Later: I realized that the innovations that inventors will tend to actually financially benefit from will come from wealthier inventors (and their proteges) going off the grid to research facilities where it will be much less likely that they can be spied upon in various ways. In this way inventors of almost anything can invent in relative peace to create the amazing innovations of the future while still garnering the fruits of their labor while still helping and mentoring future inventors to do the same for thousands of years to come. In this way the human race can continue to progress in completely unexpected  and ultimately creative ways. 

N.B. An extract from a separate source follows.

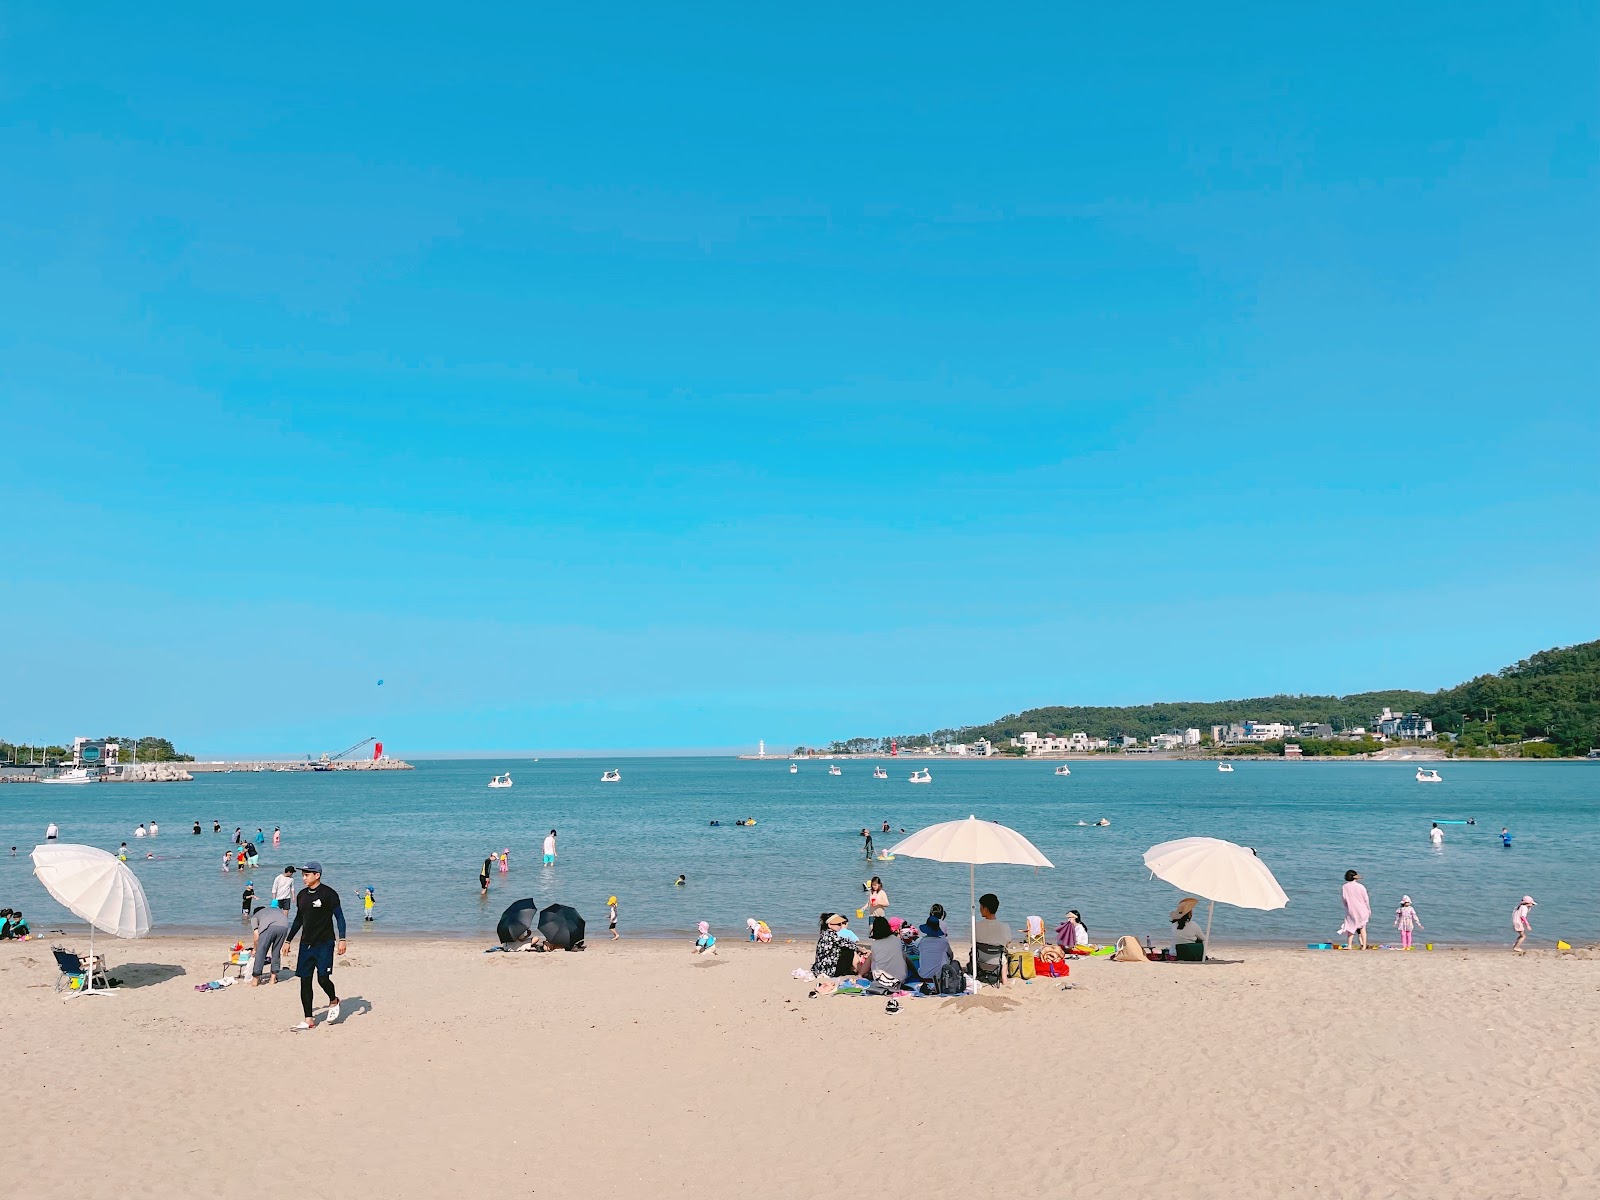 Foto de Playa Ilgwang - lugar popular entre los conocedores del relax
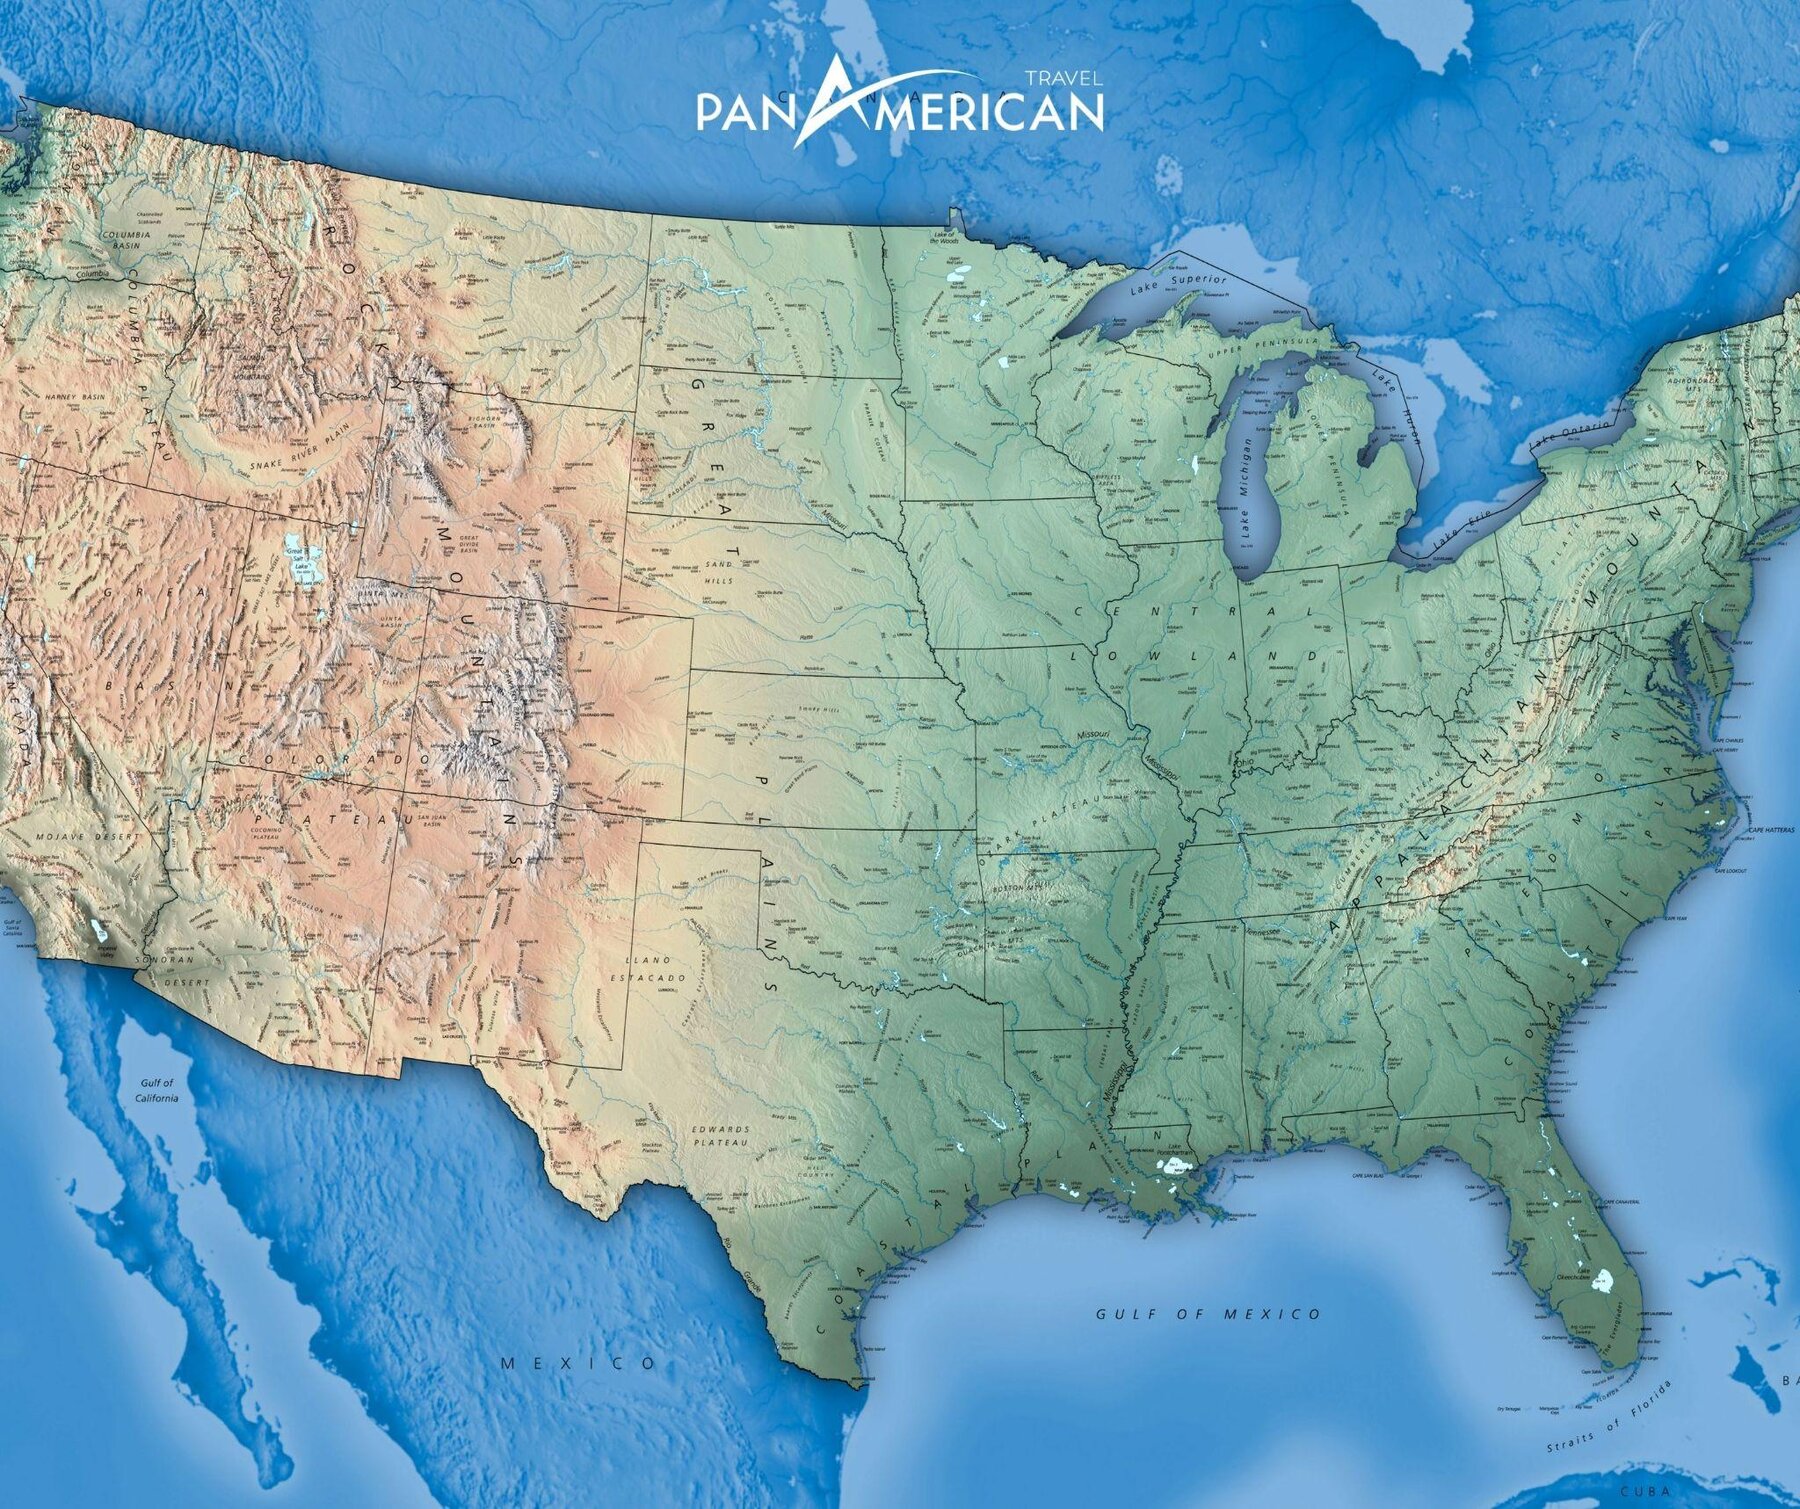 Nước Mỹ với diện tích rộng lớn, giáp 2 bờ Đại Tây Dương và Thái Bình Dương

Also, I wrote something called 2035 

which is about someone sort of like a Thomas Edison or Nicola Tesla kind of inventor who is born in 2000 and who invents a "Sentient" Artificial intelligence that eventually becomes "Purple Delta 7, 
a completely sentient self Evolving Robot. And Silver does this by finding a way to electronically "clone" his own brain into the mind of a robot intelligence. Then since Purple has an identity she also self evolves like humans do through inventions and relationships and ideas. And since she can change out her own parts as she invents new ones there is no need for her to ever die. So, when she comes back to Silver she sees him as God or Jesus and worships him as her creator and eventually even has a child by him when he is about 70 and she 5 million years old in real time. She is also a time traveler.